Three logistic regression analyses were carried out. To analyse the prevalence of haematological patients admitted to the ICU among medical ICU admissions over time, we used the mixed model logistic regression analysis for the entire cohort using haematological status (yes vs. no) as the response variable and calendar time as the covariate. To account for clustering in ICUs, we used a random coefficient model that allowed each ICU to have its own trend in prevalence over time. For comparison, trends over time were also analysed in the same way as for medical ICU patients with chronic liver cirrhosis, chronic heart failure and solid tumours.

To analyse whether trends in risk-adjusted hospital mortality over time differed between haematological and non-haematological patients, we used fixed-effects logistic regression analysis with hospital mortality as the response variable and the logit-transformed APACHE II mortality risk score (to adjust for patient case-mix), calendar time and haematological ICU admission (yes vs. no) as covariates. We also included an interaction between calendar time and admission of haematological patients to the ICU. For comparison, trends in risk-adjusted hospital mortality over time were similarly analysed for subgroups of patients with chronic liver cirrhosis, chronic heart failure and patients with a solid tumours, but without inclusion of ‘haematological ICU admission’ and its interaction with calendar time as covariates.

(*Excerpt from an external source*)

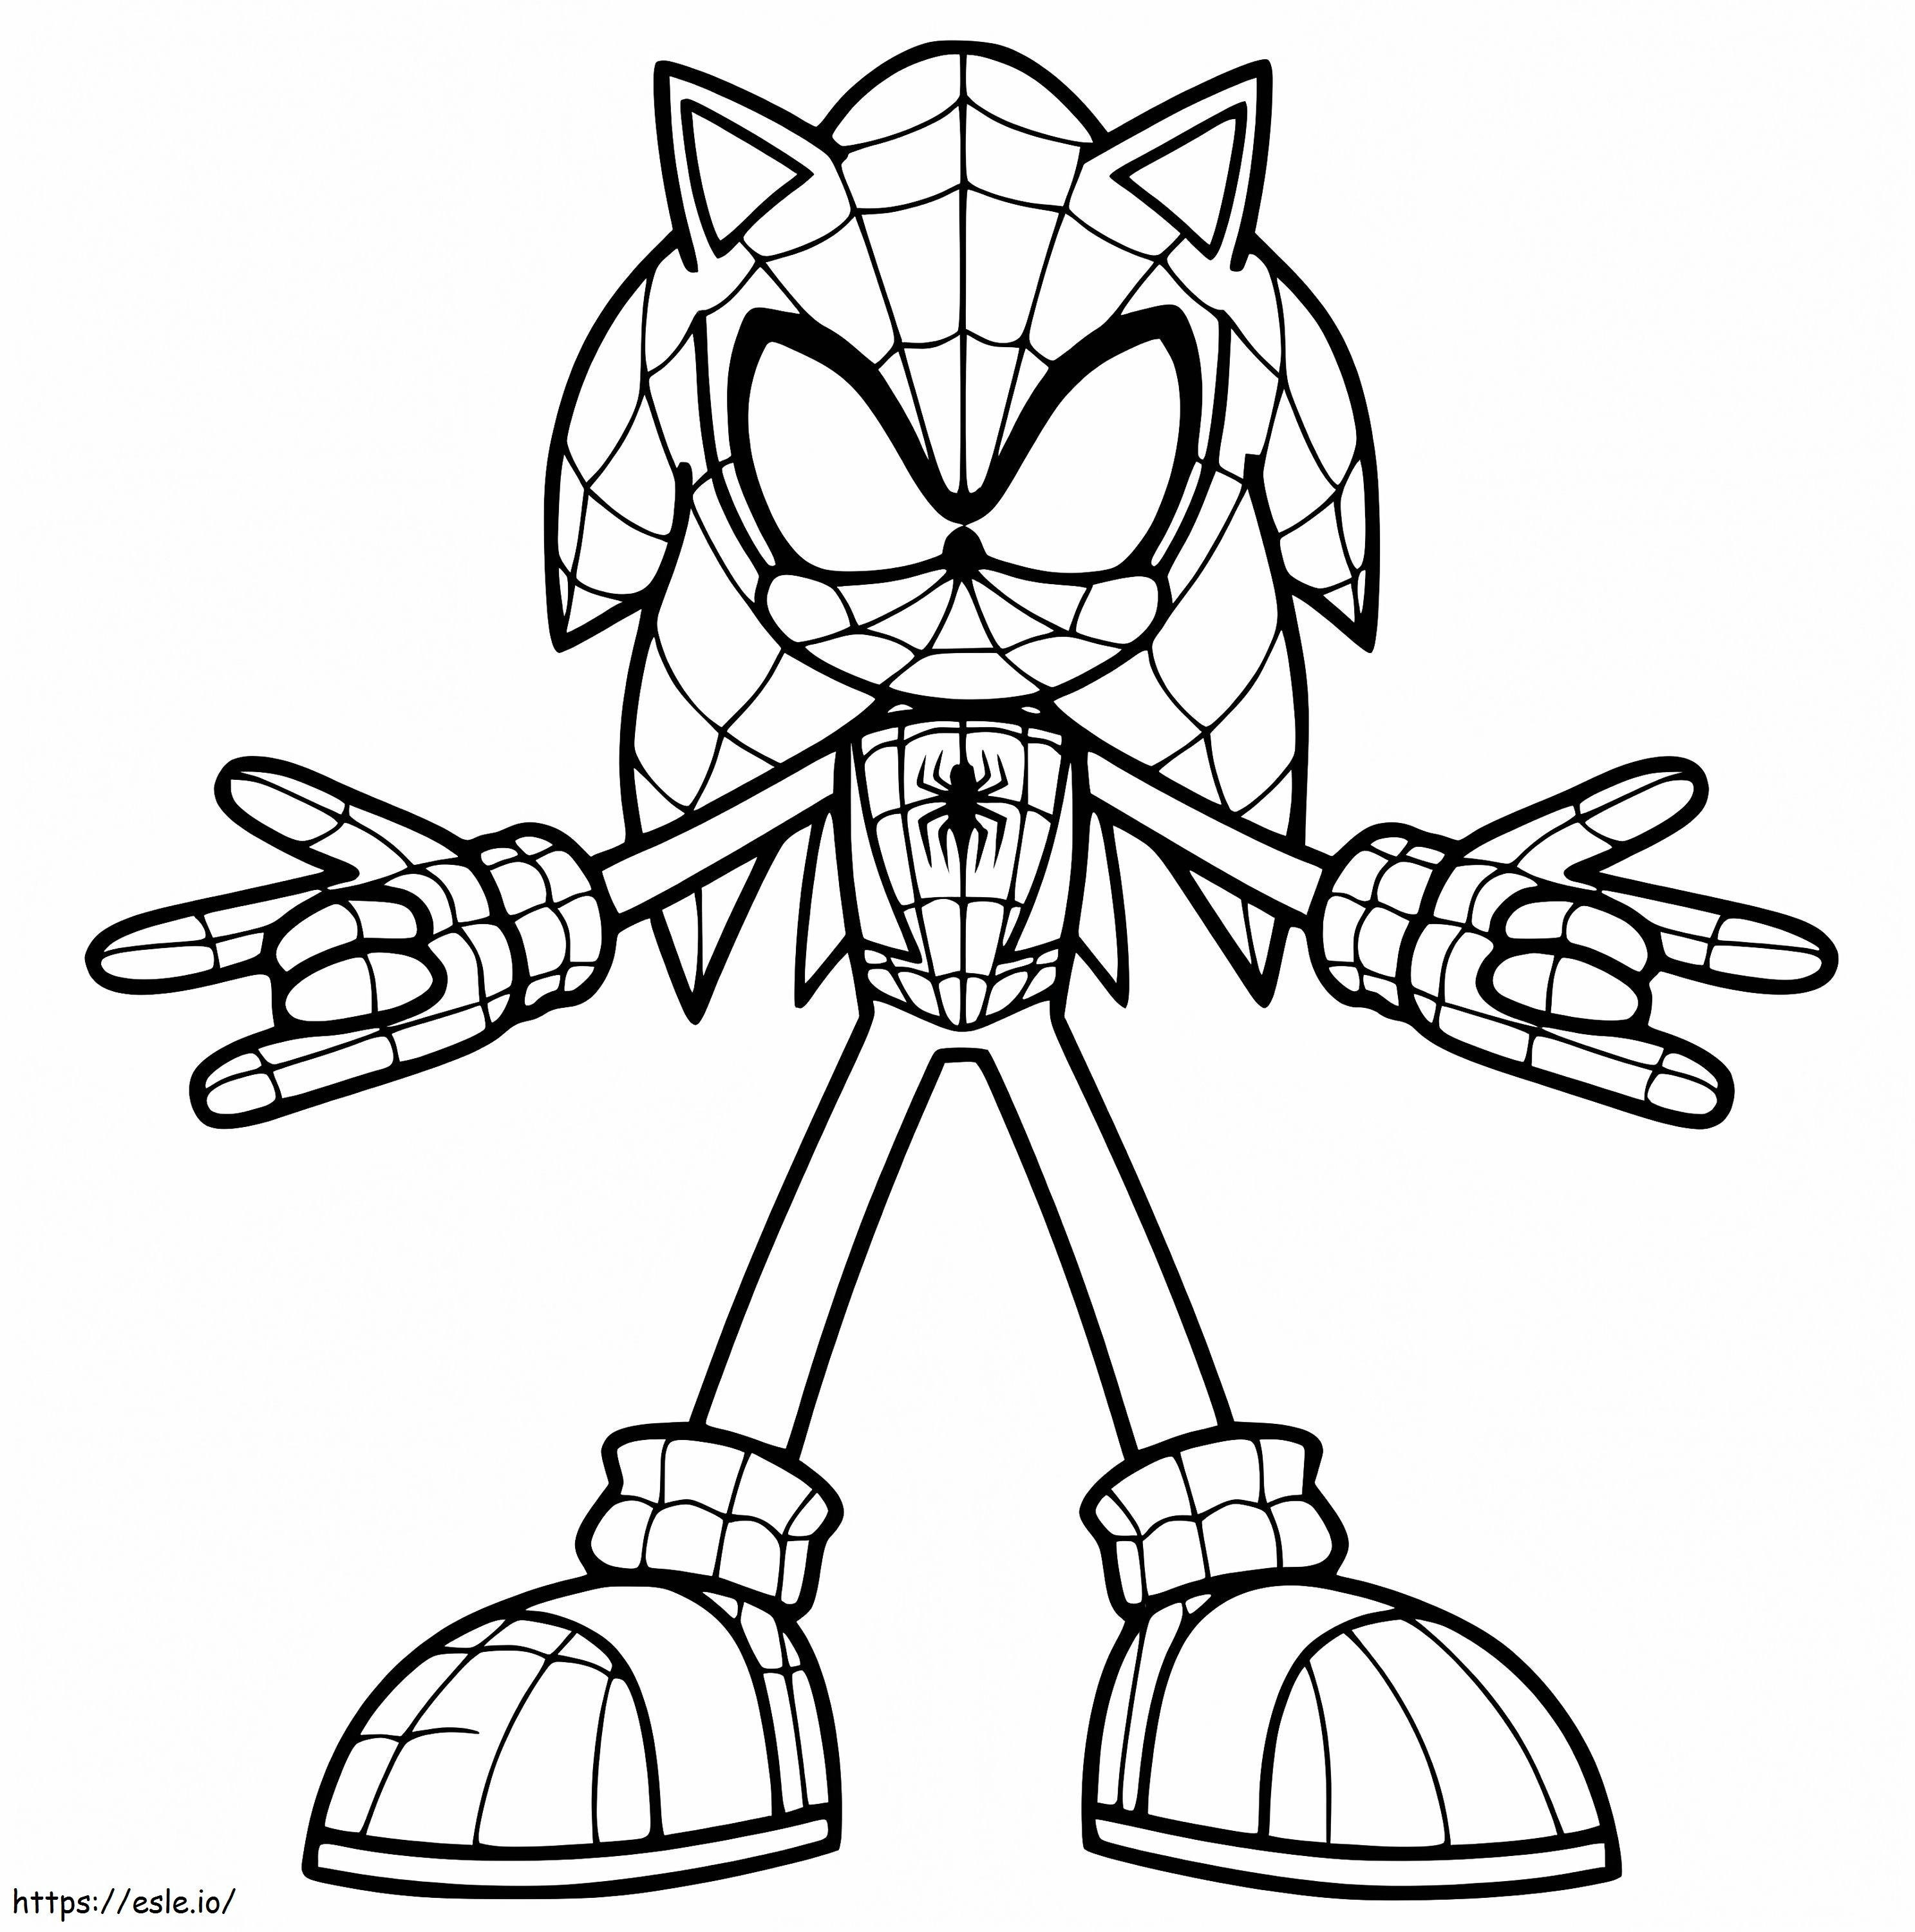 Örümcek Adam Sonic boyama

Finally, a similar fixed-effect logistic regression analysis was conducted within the group of haematological patients to assess the association between leukocytopenia at ICU admission and risk-adjusted hospital mortality. In this analysis, the logit-transformed APACHE II mortality risk, calendar time, leukocytopenia (modelled as WBC <1.0 × 109/L) and an interaction between calendar time and leukocytopenia were included in the model. Furthermore, to correct for volume–outcome effects, we added the number of haematological ICU admissions that took place in the same centre and same month as the ICU admission in question, as the continuous covariate to this model.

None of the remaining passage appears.